On Mon, 31 Dec 2012 17:04:16 -0500, Chuck Harris <cfharris@...>
wrote:
However, any competently designed DSO won't allow signals
faster than the Nyquist limit into the sampling stages...
They typically have a brickwall lowpass filter set at some
point significantly below the Nyquist limit to prevent such
aliasing.
Could you point out any examples of DSOs that do this?
I'm not sure that I can point to any that don't.
The Tektronix MSO5000 I evaluated last year certainly did not unless
you count the DSP bandwidth filtering which had to be specifically
enabled and was *not* useful as an antialiasing filter. It also had
the unfortunate side effect of screwing up the pulse response.

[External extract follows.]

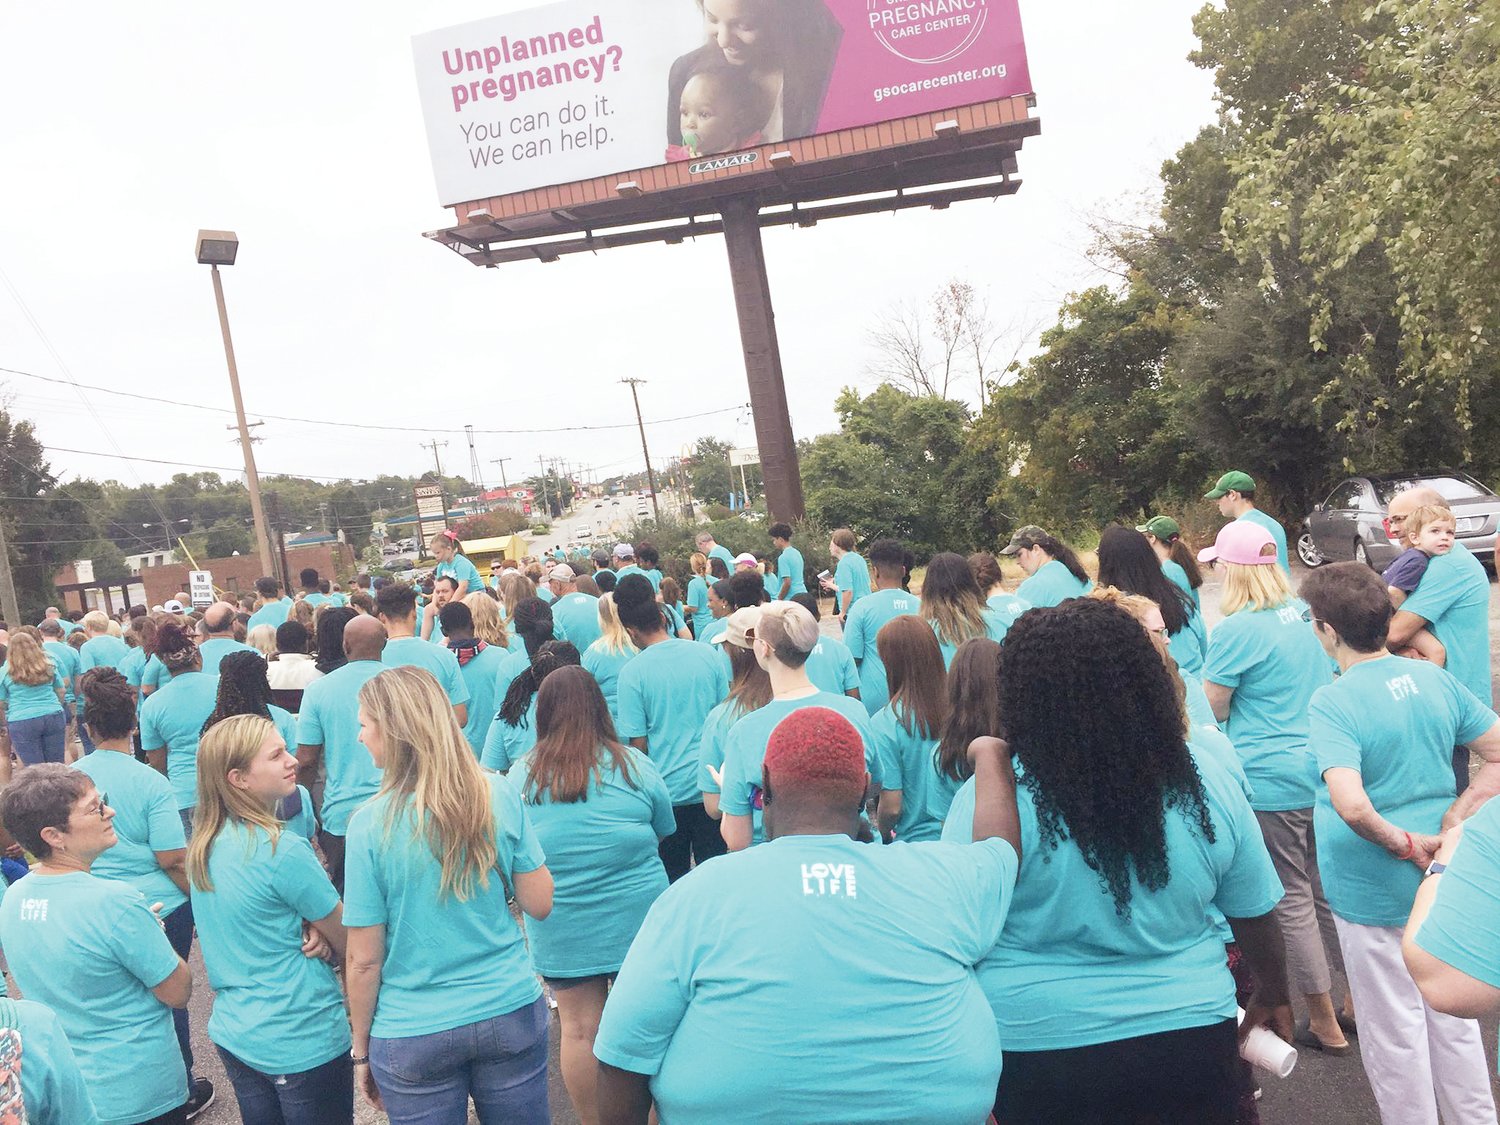 Several Siler City churches/organizations were represented a protest against abortion in Greensboro on Sept. 14. Members from First Wesleyan Church, Freedom Family Church, Loves Creek Baptist Church and The Hangout of Siler City are pictured.

While it took a little more work because of its deep acquisition
memories, I had no trouble at all creating full scale aliasing of a 4
MHz reference signal with that 10 GS/sec oscilloscope. I never
considered that a flaw since it had all of the right acquisition modes
available to prevent what I did but antialias filtering was not among
them.
Unfortunately I have not gotten a chance yet to evaluate any modern
Agilent DSOs. The recent Rigol I tested lacked peak detection.
All of the modern ones I am familiar with rely on high real time
sample rates and post processing to prevent aliasing if the record
length is insufficient. Designing a clean analog filter that tracks
the stored sample rate seems like an exercise in futility that would
just result in poor impulse response and even worse, a varying impulse
response at different decimated sample rates.

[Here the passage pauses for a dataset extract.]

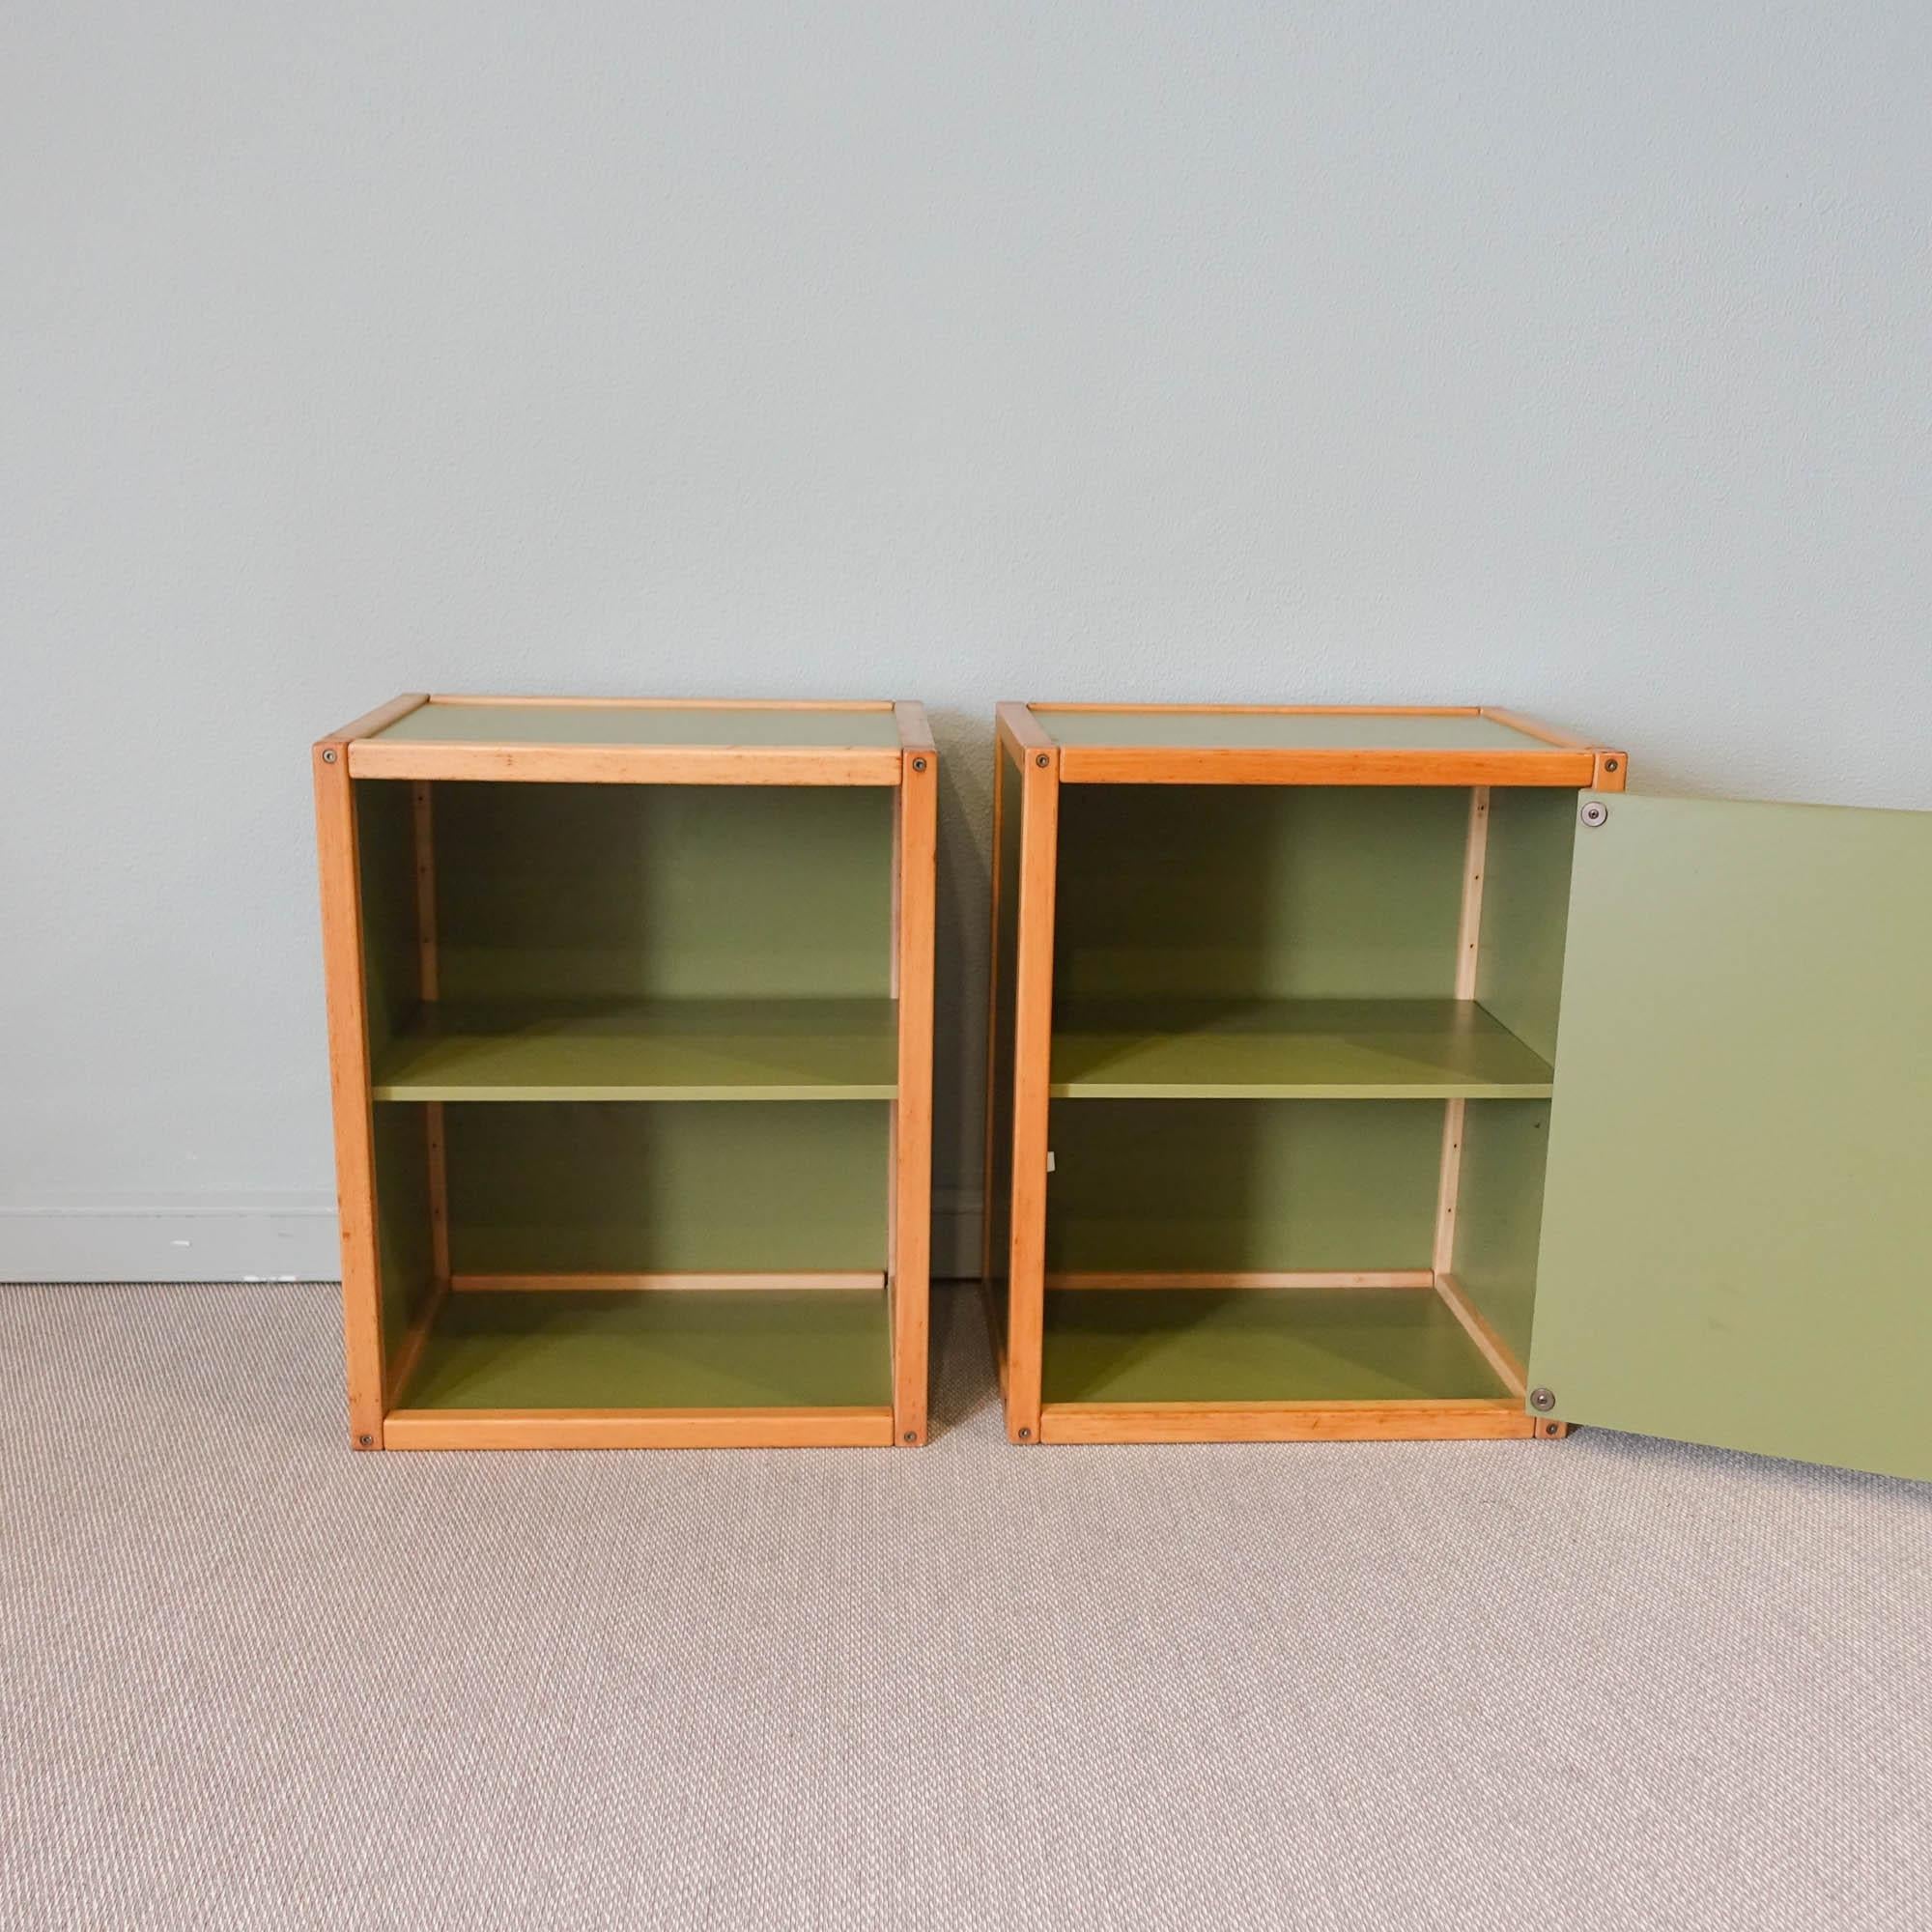 Pair of Vintage Profilsystem Collection Storage Units by Elmar Flötotto For Sale 1

The DSO's I am aware of sample at their maximum rate all the time,
and have a simplish analog roofing filter to keep the aliasing to
a minimum. They simulate the lower sample rates by digital post
processing.
Decimation in one form or another is usually a better choice than
variable sample rates because it is difficult to keep the later from
altering the characteristics of a digitizer. Even the old enough to
vote Tektronix 2230 and 2232 which I like to use as examples have
constant maximum rate ADC conversion clocks and variable decimation
rates.
All of my old DSOs (they are all old enough to drink) will operate in
equivalent time sampling mode and support peak detection. The lack of
the later is the major reason I never picked up the discussed 7D20.
There are many ways to get a waveform using sampling. All of those
that sample waveforms that are higher bandwidth than the sampling rate
are storing only small parts of many, many, repetitions of the signal
under test. In the case of the 7D20, and the 7854, you may be looking
at snippets of hundreds of repetitions of that signal, just to get a look
at a single copy. In the days of old, these were called sampling
oscilloscopes.
My old Tektronix catalogs always refer to them as digitizers or
digital storage oscilloscopes. The term sampling was always
associated with instruments that had actual sampling front ends.
The confusion of DSO (digital storage oscilloscope), DSO (digital
sampling oscilloscope), and sampling analog to digital converters is
unfortunate.
The 70MHz bandwidth spec isn't specmanship. It tells you that
the amplifiers will pass a 70MHz signal with 3dB attenuation.
This spec gives you some assurance that the analog stages won't
be distorting the signals being sampled significantly.
The 7D20 is a little weird but in equivalent time sampling mode, it
can indeed acquire a 70 MHz or faster signal without aliasing using
its 40 MS/sec digitizer. Its maximum equivalent time sample rate,
limited by its record length, is 2 GS/sec.
Yes, and it requires about 100 triggers of the waveform under test
to assemble that scan... worthless for most purposes.
The only way I use my 7D20 is for single shot waveforms. If I had
access to hundreds of repetitions of the waveform under test, I would
just use an analog scope.
I never picked up a 7D20 because it lacks peak detection but the slow
waveform regeneration rate of my 2230 has only rarely been a problem.